The Mercury News

Love it or leave it?

LOW-RATE MORTGAGES KEEP HOMEOWNERS FROM MOVING

- By Marilyn Kennedy Melia CTW FEATURES

Friendly neighbors, a garden that’s testament to your TLC, a good view of the sunset from your deck — all reasons homeowners may be reluctant to move.

But a mortgage you can’t bear to give up?

Right now many of the homeowners who bought or refinanced during the several years following the housing crisis — when rates hovered in the 3 or 4 percent range — are experienci­ng what housing economists are calling the “rate lock-in effect.”
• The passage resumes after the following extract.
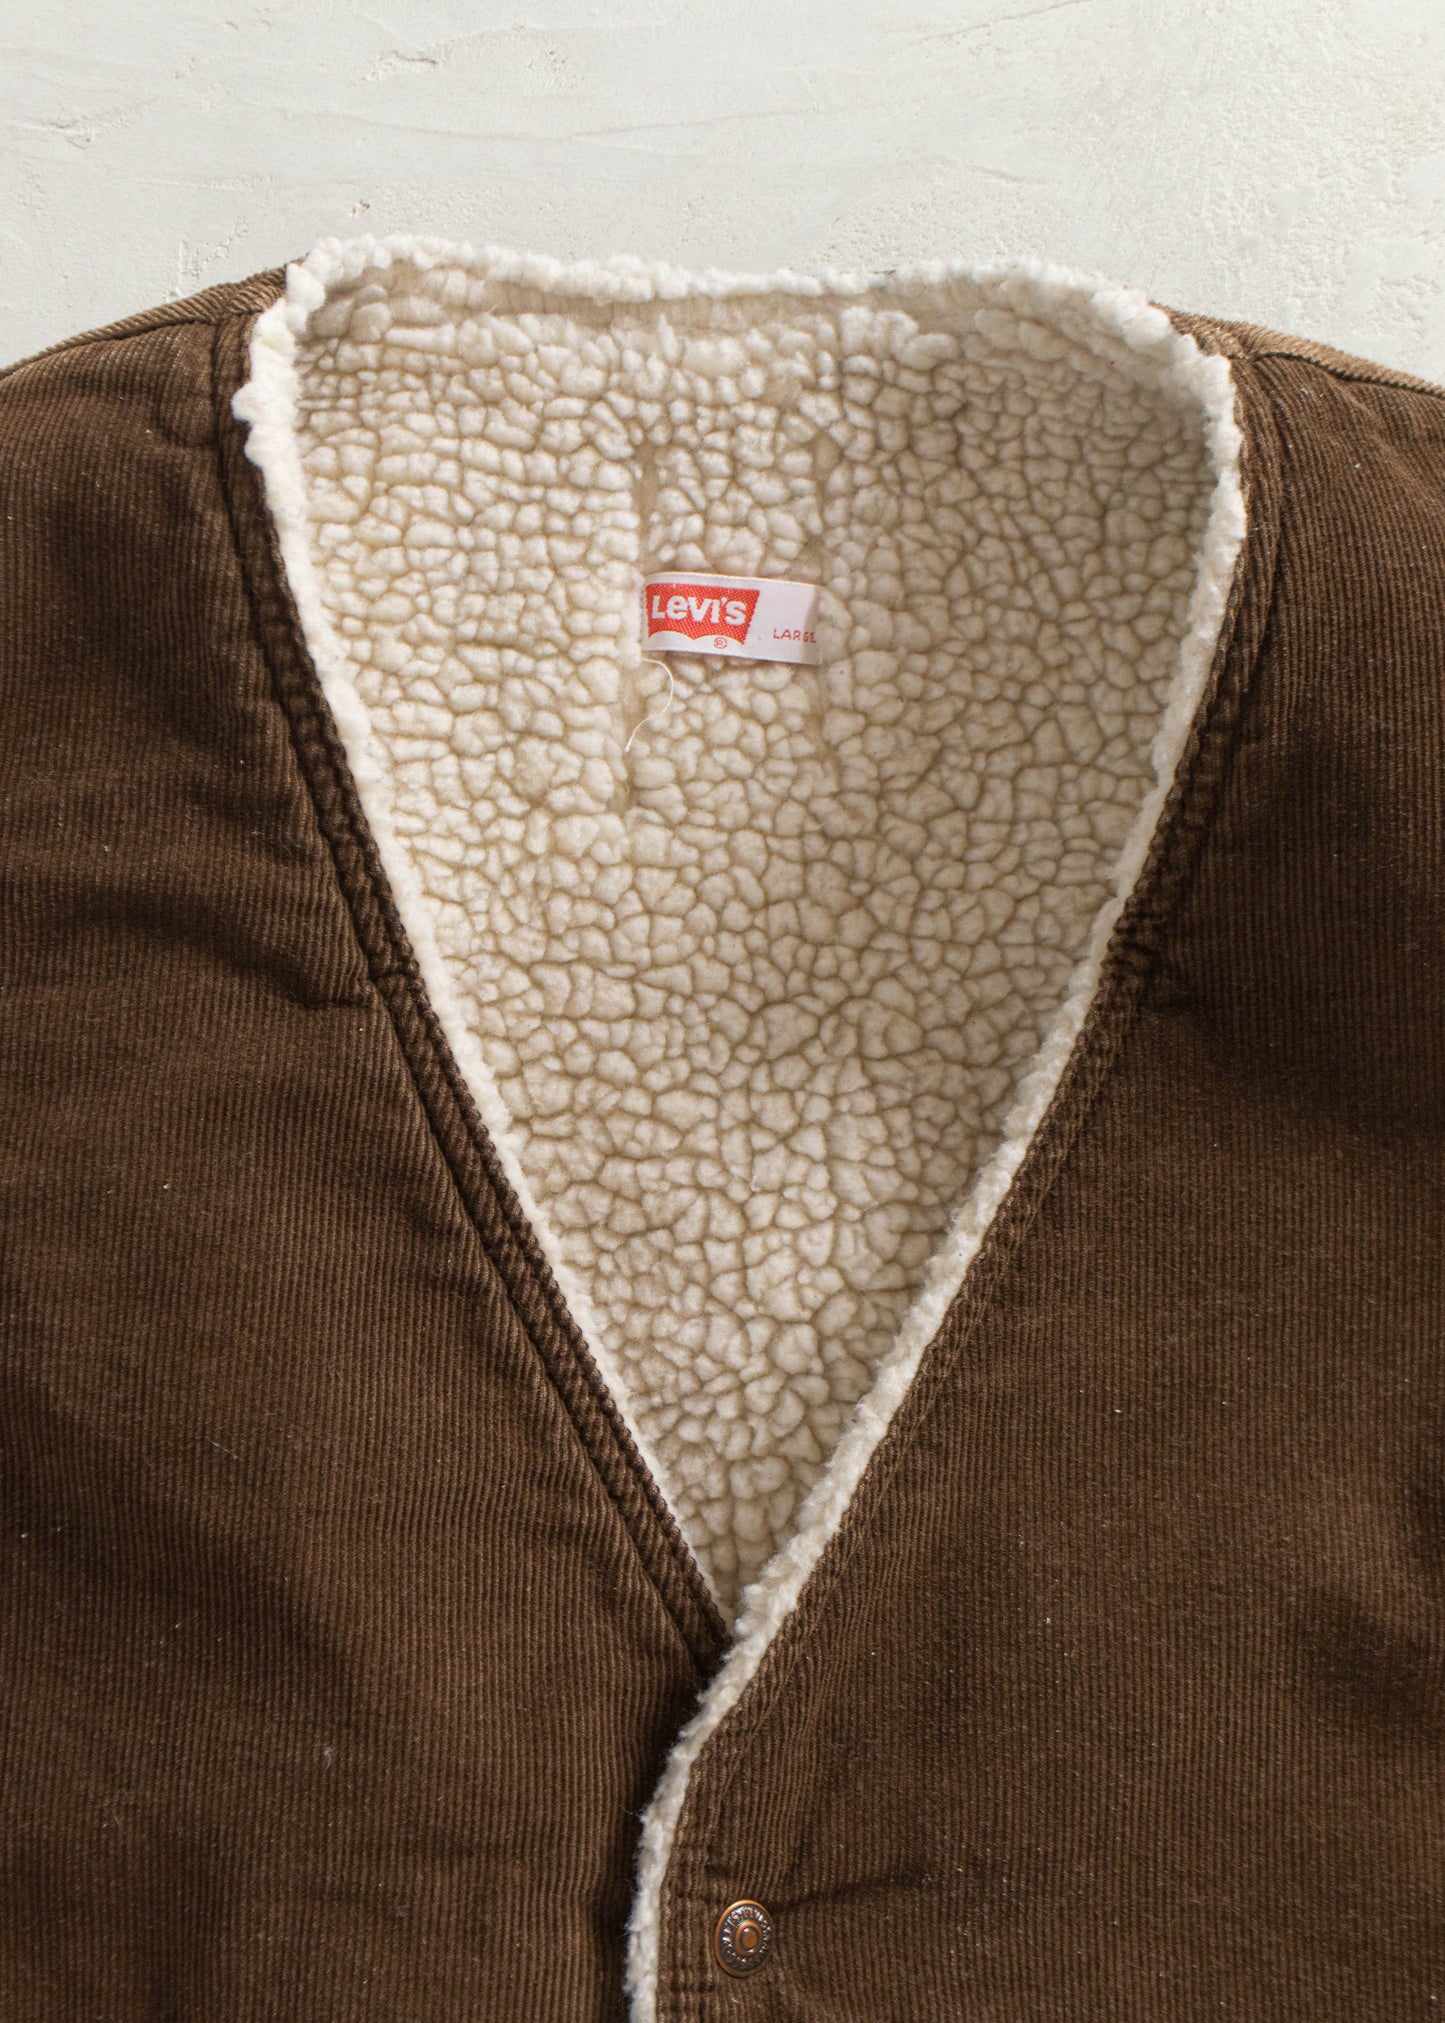 1970s Levi's Corduroy Sherpa Lined Vest Size M/L

These owners may be “financiall­y imprisoned in their own home,” notes Mark Fleming, chief economist at First American Financial Corp. Owners whose income hasn’t risen much and want to move to a more expensive home that would require taking on a mortgage bigger than their current low-rate loan fall into the “imprisoned” category, notes Jin Man Lee, research director at the Institute for Housing Studies at DePaul University in Chicago.

But some may be staying put simply because they can’t abandon their low-rate loan. And that could blind them to the bigger picture. “It’s the reverse side of staying with an investment just because it pays a high income. The infatuatio­n with either will get in the way of making a sound decision,” says Stephen Taddie, managing partner at Stellar Capital Management.

Indeed, personal finance experts say that although homeowners typically build wealth as housing prices rise and they whittle down their mortgage balance, buying a home should involve the same decision-making that goes into other consumer purchases: Does the expense fit in your budget, and does the purchase fit your needs/ wants?

An owner clinging to a 3.5 percent mortgage, but who’s paying expensive private school tuition because he doesn’t like his public school district, or who’s living in cramped quarters, should tally up the pros and cons — and costs — of moving versus staying, advises Taddie.